Никогда еще граф де Бар и де Лош, принц Блуа не чувствовал себя одновременно полностью готовым к смерти и… совершенно к ней не готовым. Визит старого учителя нарушил его спокойствие, вдребезги разбил ощущение воцарившейся в его резиденции гармонии. Сейчас он особенно остро ощущал, как многое не успел. Не успел узнать, почему солнечный луч, проходя через цветное стекло, меняет цвет. Не успел достоверно проверить, как образование меняет простолюдинов, возвышая их до благородных дворян. Испытать идею друга о возможности полностью обезопасить людей от оспы с помощью болезни коров и лошадей он тоже не успел. Как и реализовать собственные советы Александру по управлению Нидерландами. Все его мысли, все еще пока несвязные идеи остались только строчками на бумаге, только словами, а не действиями. В его душе разгорался пожар, и он подумал, что, наверное, ему и правда стоит объявить пост, чтобы притушить это пламя.

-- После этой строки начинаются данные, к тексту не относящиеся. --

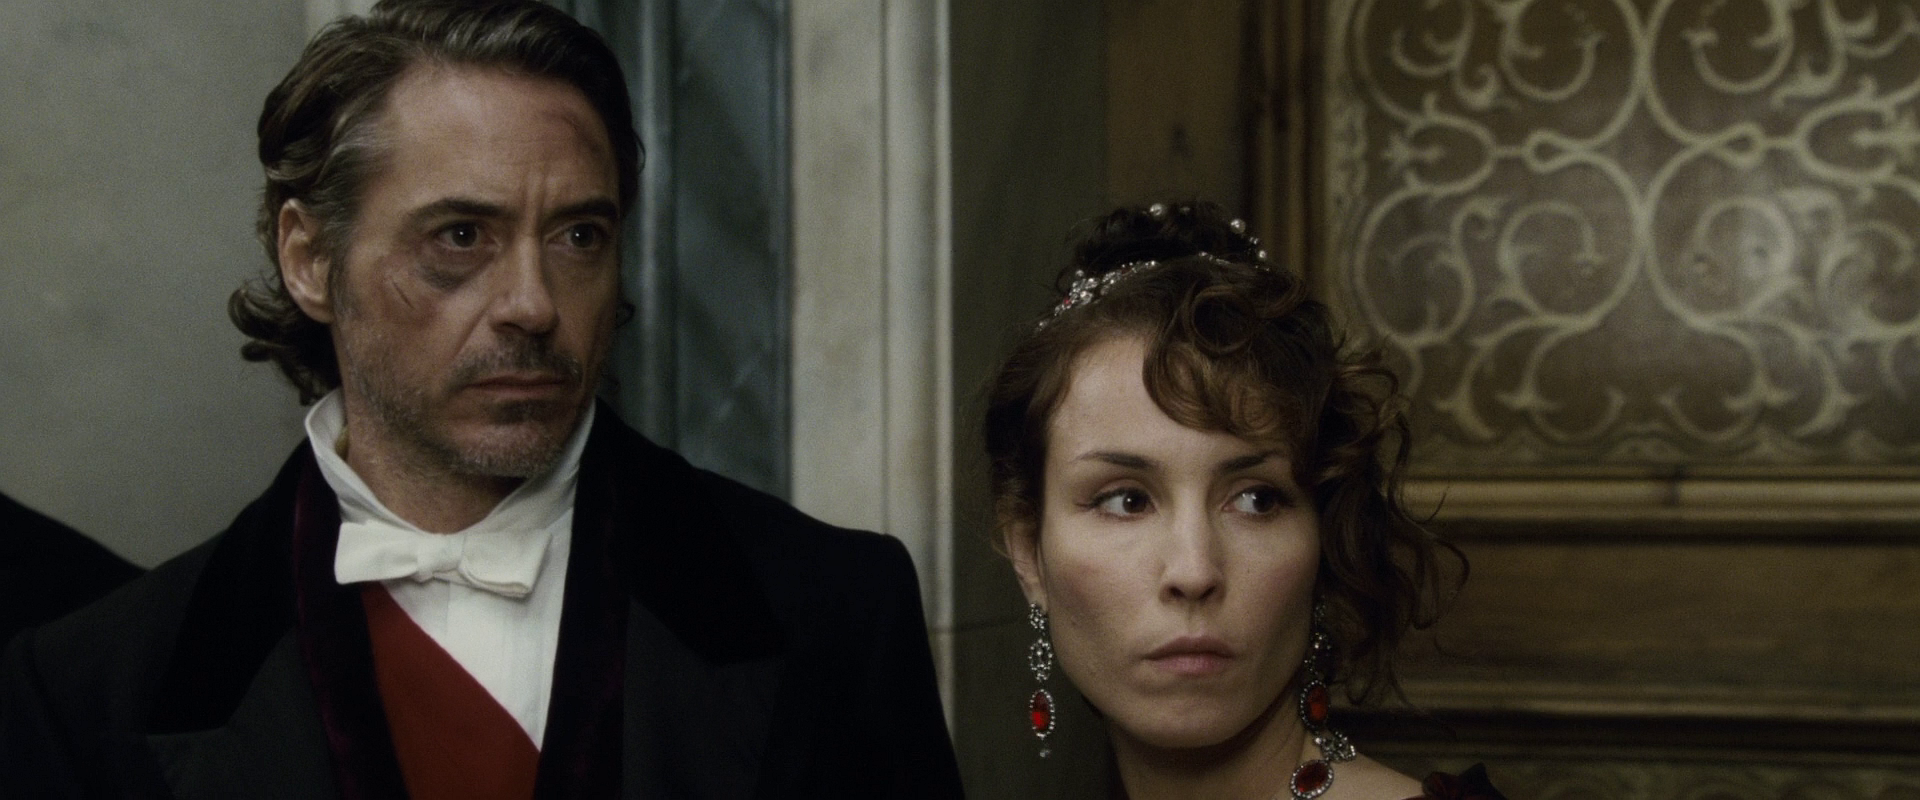 Шерлок Холмс: Дилогия / Sherlock Holmes: Dilogy (2009-2011/BDRip) 1080p, от HELLYWOOD

Жорж-Мишель не боялся смерти. Ему столько раз случалось смотреть ей в лицо — и как полководцу, и как врачу, что при мысли о ней его не охватывала дрожь, а его сердце не начинало биться в горле. И все же было ужасно обидно, что костлявая явится за ним именно теперь, когда он так близко подошел к воплощению своих идей и стремлений в жизнь. Это было неправильно и несправедливо, как было несправедливо взваливать на друга все свои заботы, обрушивать на него ношу, которую и вдвоем-то нести нелегко.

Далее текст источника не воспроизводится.